Template Strand Slippage in Response to Cytosine
Unstacking
The umbrella sampling MD simulations looking at
cytosine unstacking
do not enforce the strand slippage required to precisely convert from
state I to the other three states shown in Figure 1. To attain states II–IV, additional strand slippage
in the template strand by one base position is required. Whether these
transitions can occur spontaneously in response to base unstacking
can be examined by additionally monitoring a strand slippage coordinate.

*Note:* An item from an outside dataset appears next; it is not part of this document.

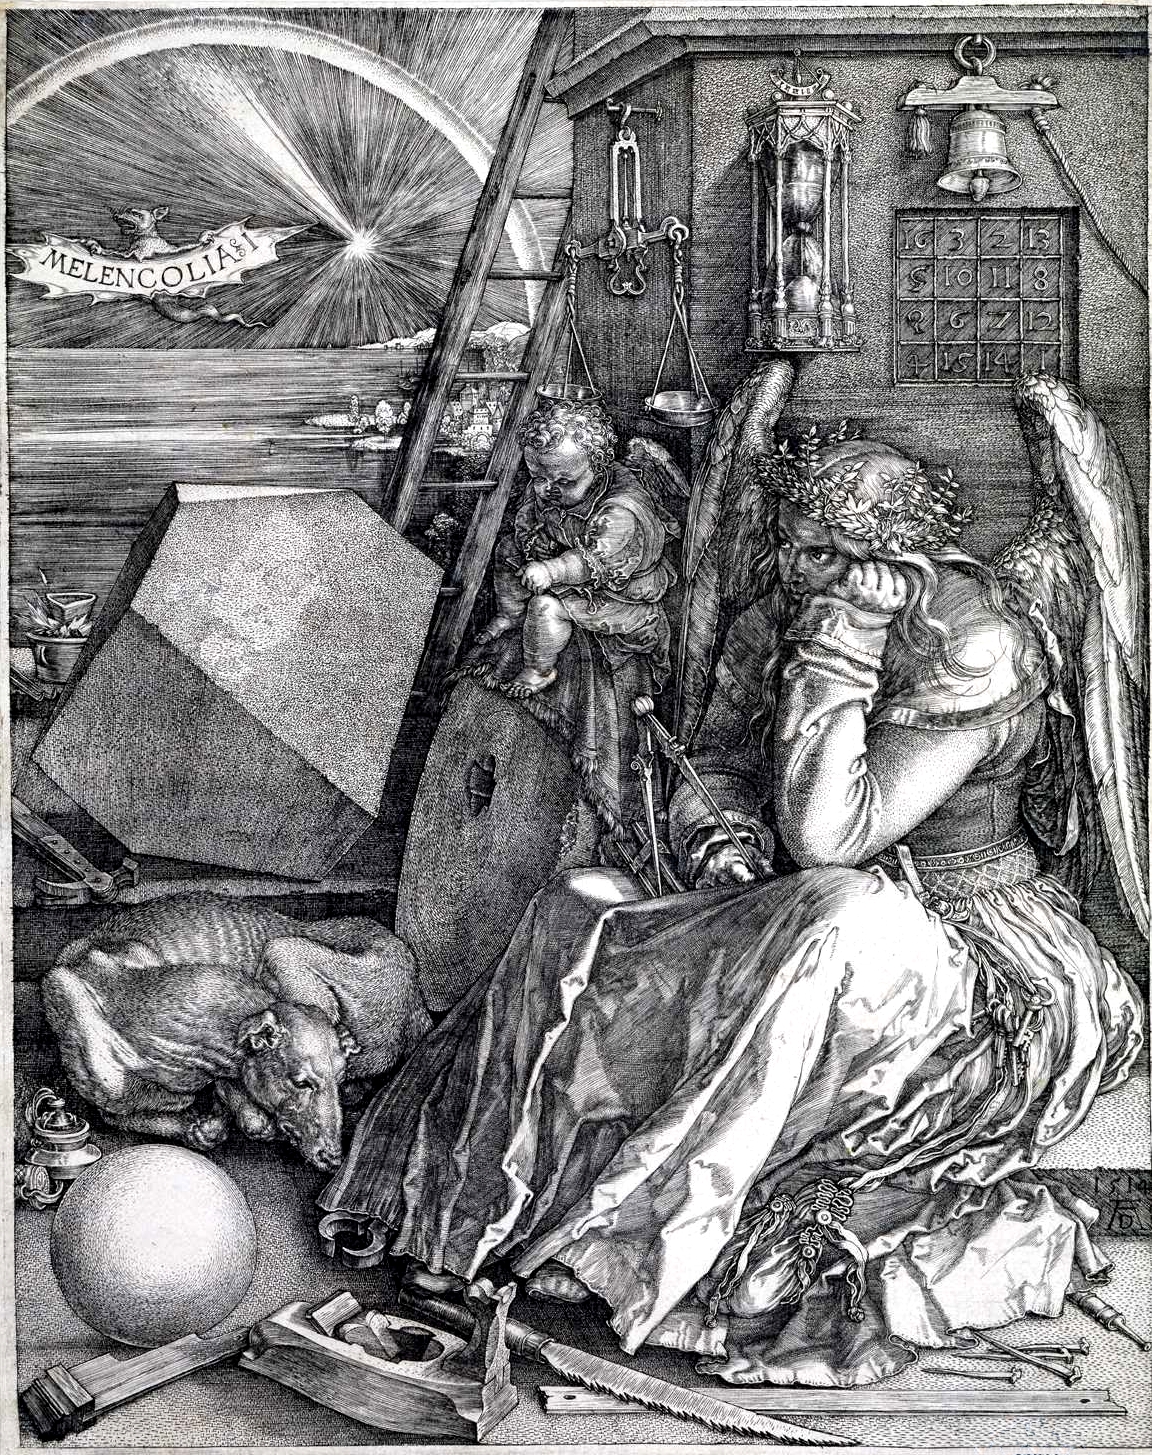 Albrecht Dürer, Melencolia, 1514

A simple measure of strand slippage (shown in Figure 3), which can be applied to all three cytosine unstacking scenarios,
can be obtained by combining two center-of-mass distances between
template strand non-hydrogen base atoms: (1) G2:C4 and C1:C4 for C3
unstacking, (2) C3:C5 and G2:C5 for C4 unstacking, and (3) C4:G6 and
C3:G6 for C5 unstacking. In each case, the distances between the two
neighboring 5′-bases and the base 3′ to the unstacking
base are combined. For example, if C5 is the unstacking base, C4 coming
within 6 Å of G6 increases the slippage coordinate by 0.6. If,
in addition, C3 also comes within 9 Å of G6, the slippage coordinate
value increases by 0.4 to a total value of 1. The unequal weighting
for the two individual distances allows them to be distinguished in
the free energy profiles and has no physical basis. The two-dimensional
(2D) profiles for unstacking and strand slippage are created from
unrestrained evolution of the strand slippage as previously described.[32,39] It is therefore possible that sampling in this unrestrained degree
of freedom is not fully converged.
Figure 3
Depiction of the slippage coordinate and
its two component center-of-mass
distances. (A) Base centers of mass for nonslipped and fully slipped
states with dotted lines showing the two slippage coordinate component
distances. (B–D) Before and after states in unstacking and
strand slippage for cytosines 3–5, respectively.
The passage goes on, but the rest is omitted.